Table 7 checks a Qwen2.5-VL-7B setting with a maximum of 768 frames and a 23k-token context length.

Method FLOPs T lower FLOPs ratio lower TTFT ms lower MVBench VideoMME short VideoMME medium VideoMME long VideoMME avg Avg score
Qwen2.5-VL-7B full 554.7 100.0% 6842 67.1 76.0 66.0 55.1 65.7 66.4
Average Pooling 91.9 16.6% 4609 56.8 66.4 57.3 51.1 58.3 57.6
Uniform Subsampling 91.9 16.6% 4578 57.7 68.6 59.6 55.0 60.8 59.3
EarlyTom w/o decoupled spatial selection 67.7 12.2% 3667 60.7 71.0 61.6 53.6 62.0 61.4
EarlyTom w/o weighted frame merging 67.7 12.2% 3667 60.7 70.5 62.3 52.7 61.8 61.3
EarlyTom 67.7 12.2% 3667 62.5 70.7 61.6 53.6 61.9 62.2

Table 7. Qwen2.5-VL trivial baselines and ablations. EarlyTom is far faster than the full Qwen2.5-VL-7B setup and outperforms average pooling and uniform subsampling on average score while using fewer FLOPs. The two ablations show that both spatial selection and weighted merging matter, though the gains over ablated EarlyTom are modest.

TTFT Breakdown Figures

Figure 7 expands the 7B TTFT story across retained ratios.

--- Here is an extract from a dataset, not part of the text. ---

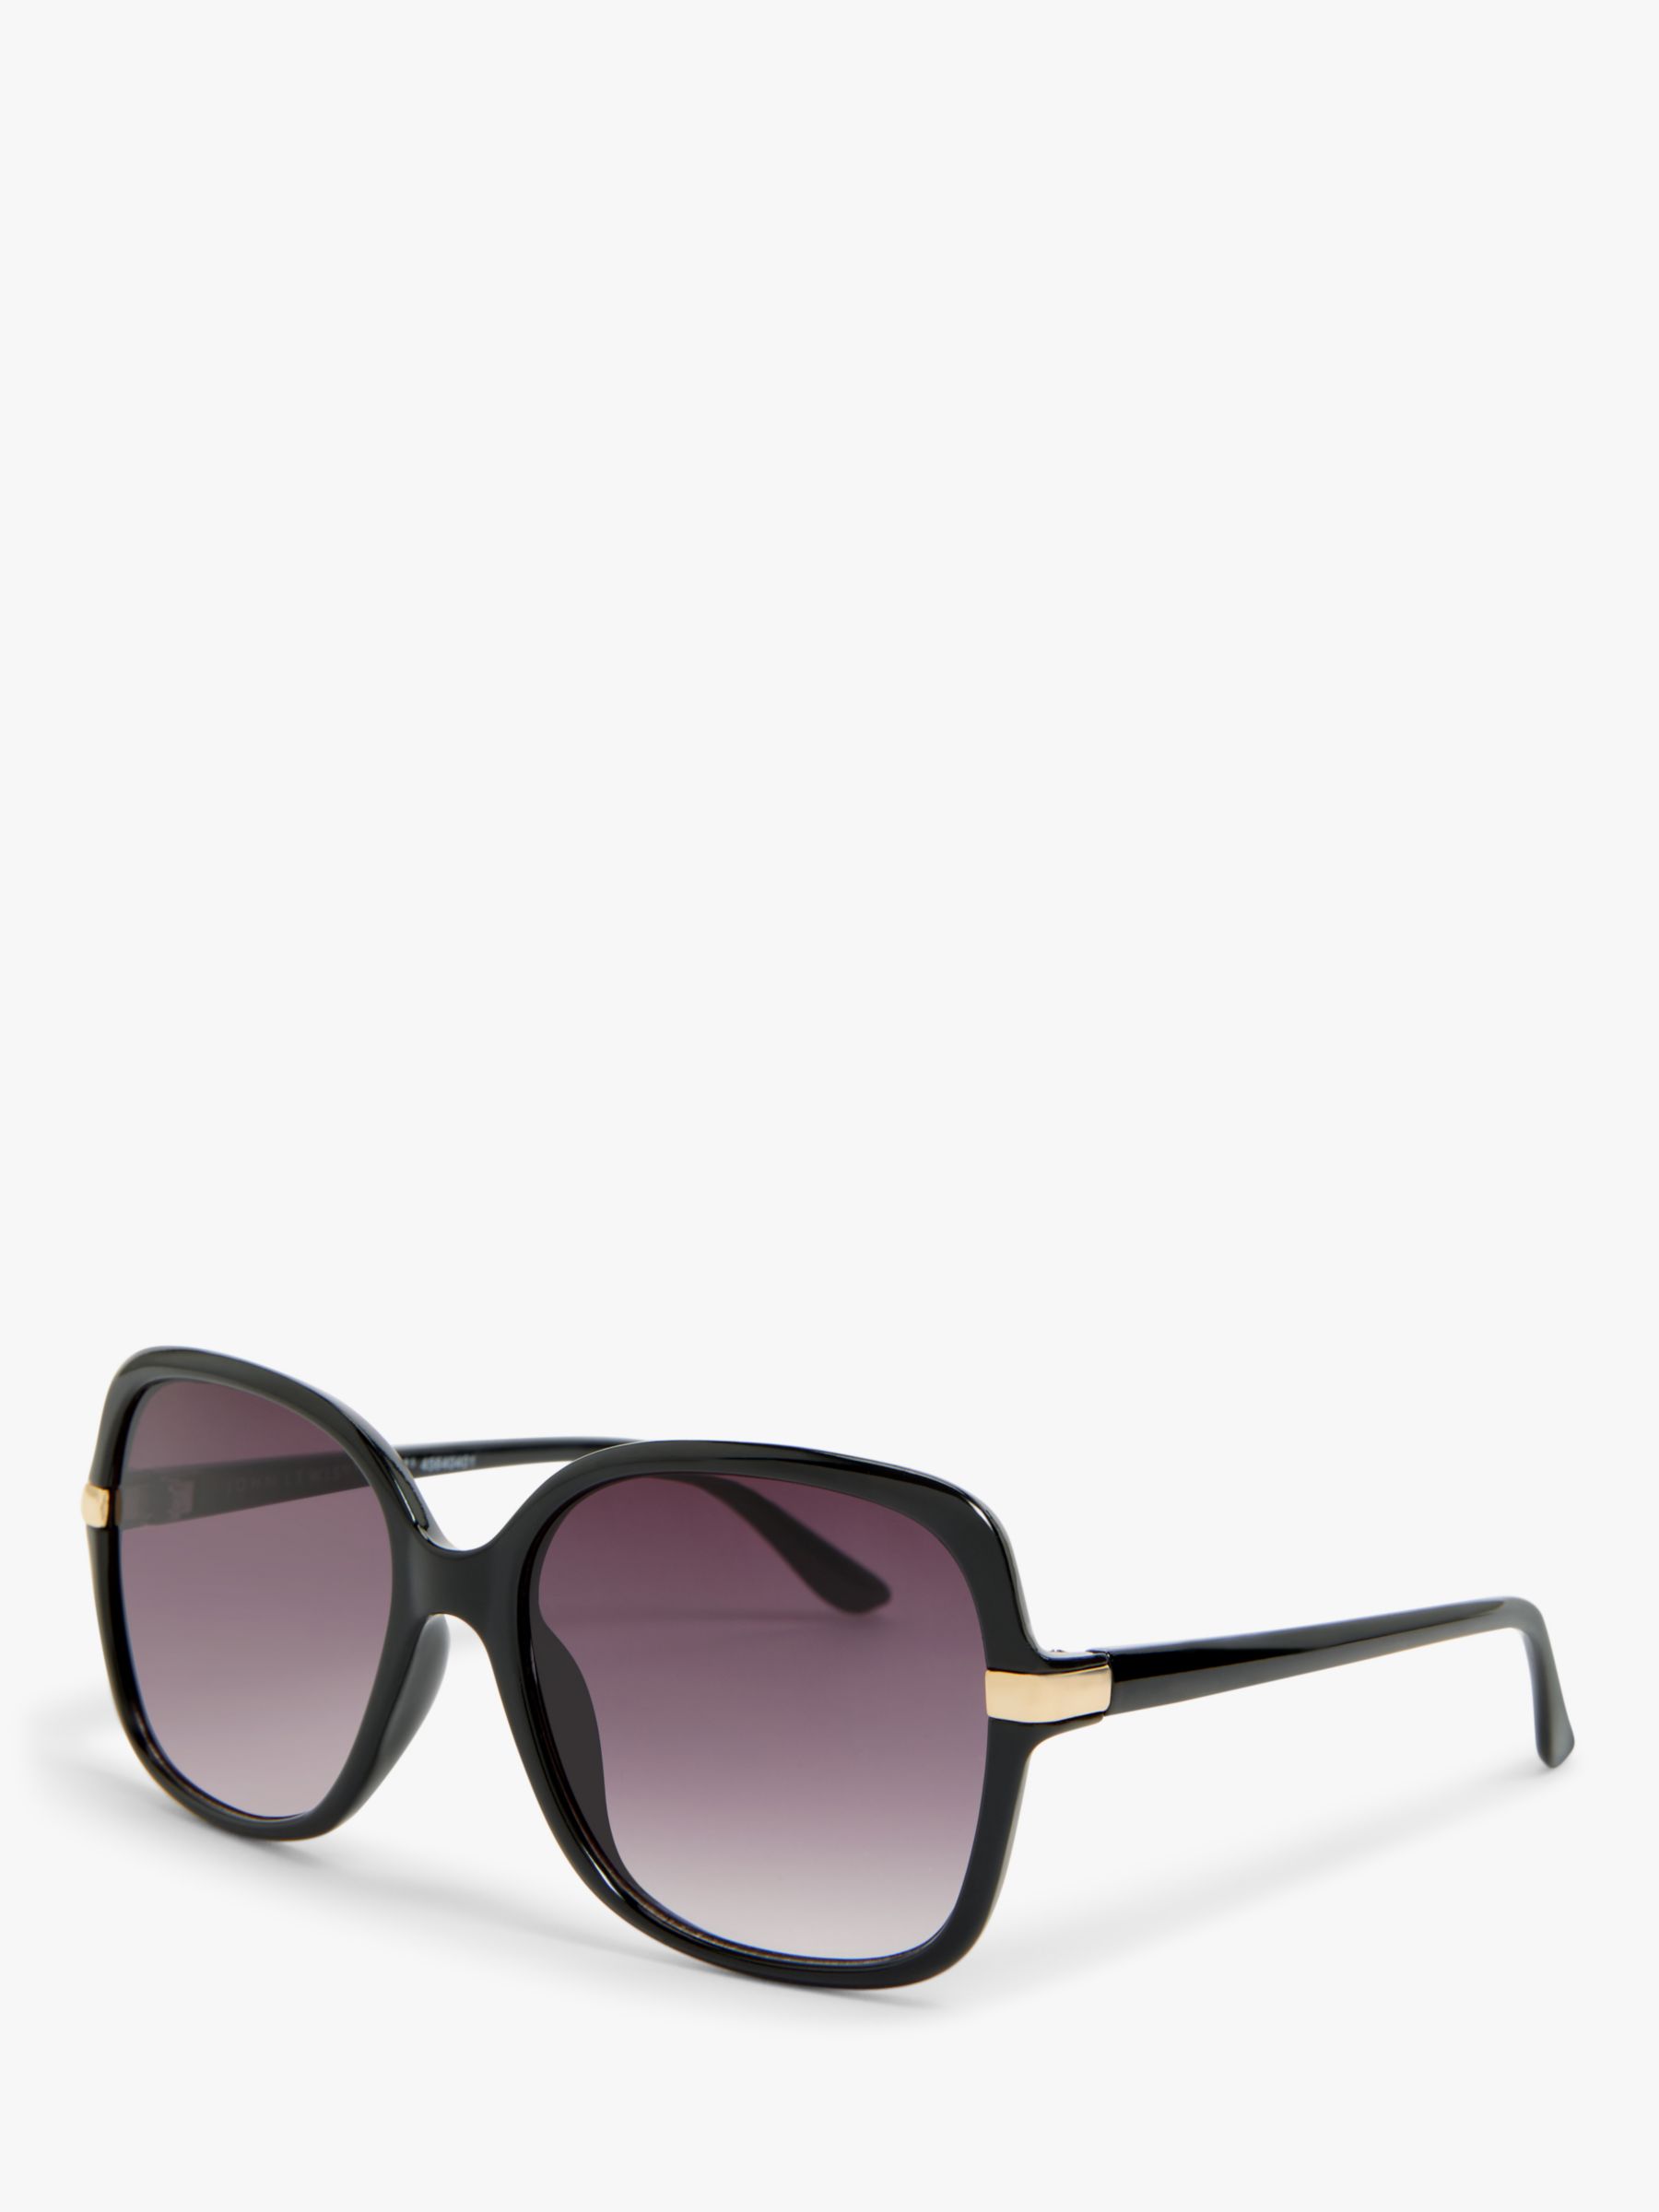 John Lewis Women's Square Sunglasses, Black/Purple Gradient

7B retained ratio Local figure
10% 7B retained ratio 10%.
15% 7B retained ratio 15%.
20% 7B retained ratio 20%.
25% 7B retained ratio 25%.

Figure 7. TTFT comparison on LLaVA-OneVision-7B. The source caption reports vision encoding, visual token processing, LLM prefill, and system overhead across methods. The paper states that EarlyTom has the lowest total TTFT across settings, with up to 2.65x speedup at 10% retention.

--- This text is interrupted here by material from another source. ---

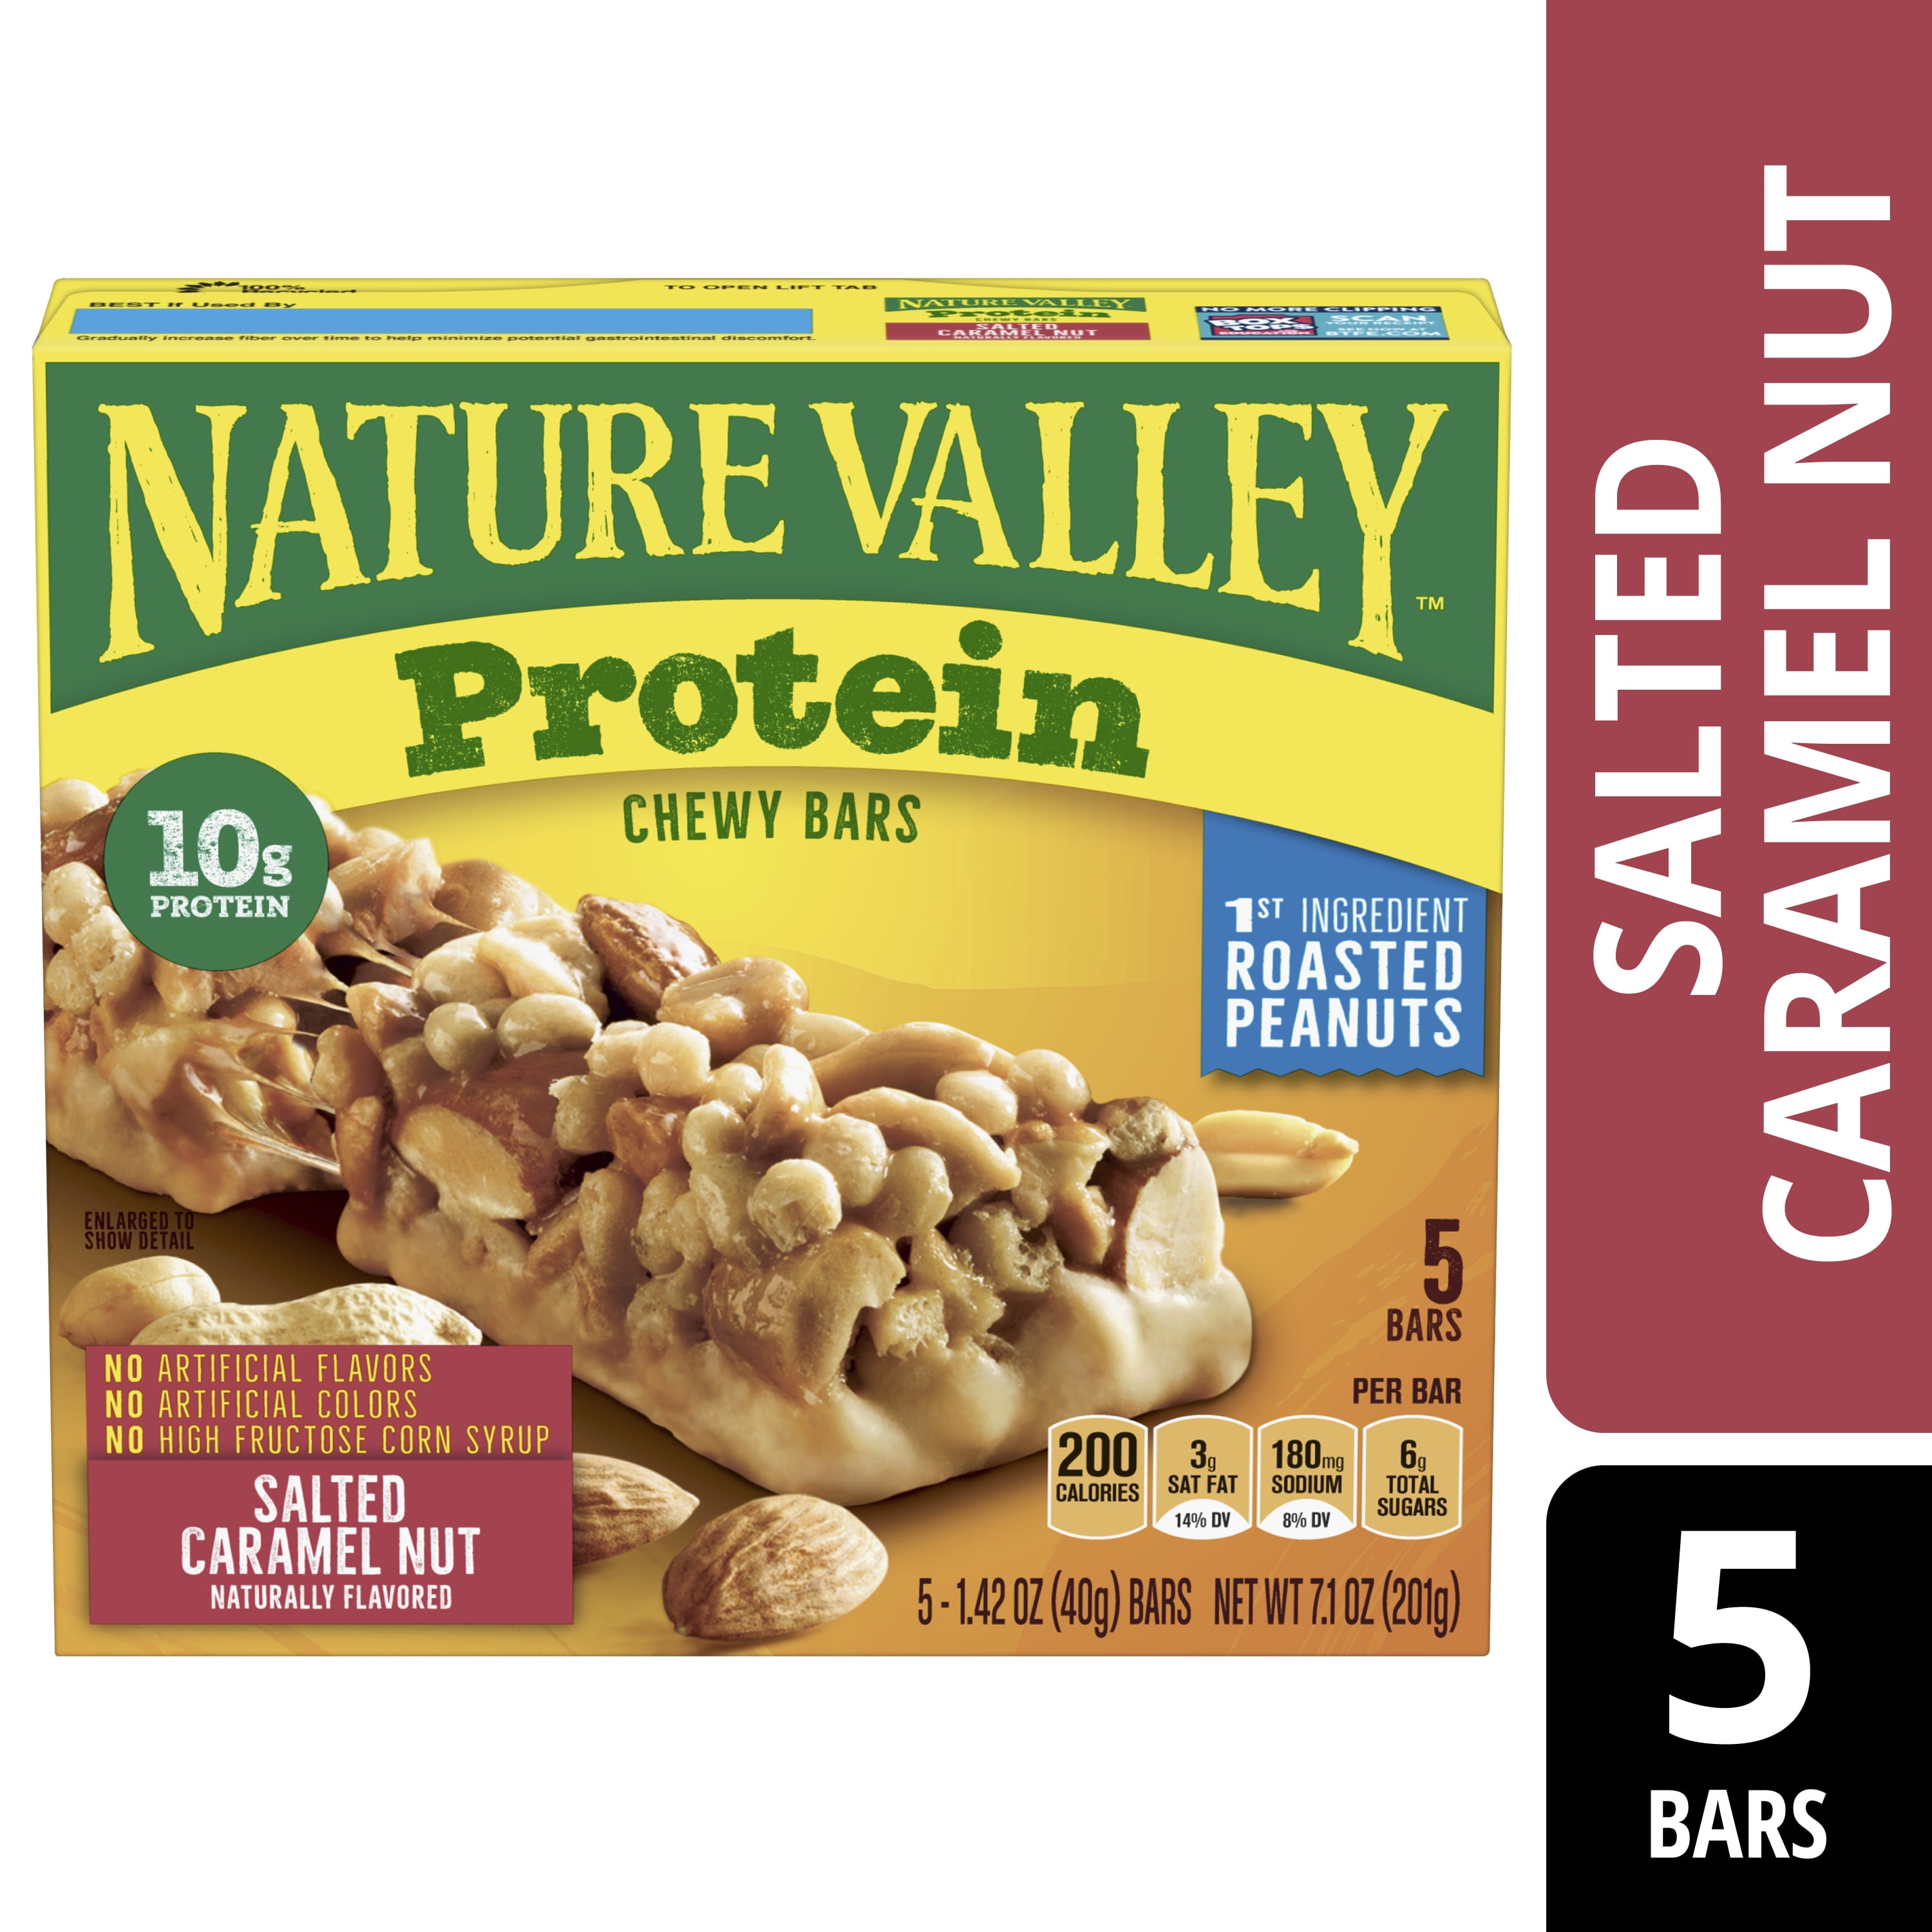 Nature Valley Protein Peanut & Chocolate 4 x 40g Bars

Figure 8 shows the same decomposition for the smaller 0.5B model.

0.5B retained ratio Local figure
10% 0.5B retained ratio 10%.
15% 0.5B retained ratio 15%.
20% 0.5B retained ratio 20%.
25% 0.5B retained ratio 25%.

Figure 8. TTFT comparison on LLaVA-OneVision-0.5B. The source text highlights that HoliTom can be slower than the baseline on the 0.5B model at 10% retention, whereas EarlyTom keeps speedup by minimizing vision encoding time and extra processing overhead.

Practical Takeaways

The paper's future-work section says EarlyTom mainly reveals that the inference budget is dominated by the prefill stage, and that broader heterogeneous system design plus decoding-stage acceleration remain open problems. For follow-up work, I would check whether the thresholds and layer choices transfer automatically to longer videos, different vision encoders, and more reasoning-heavy video tasks.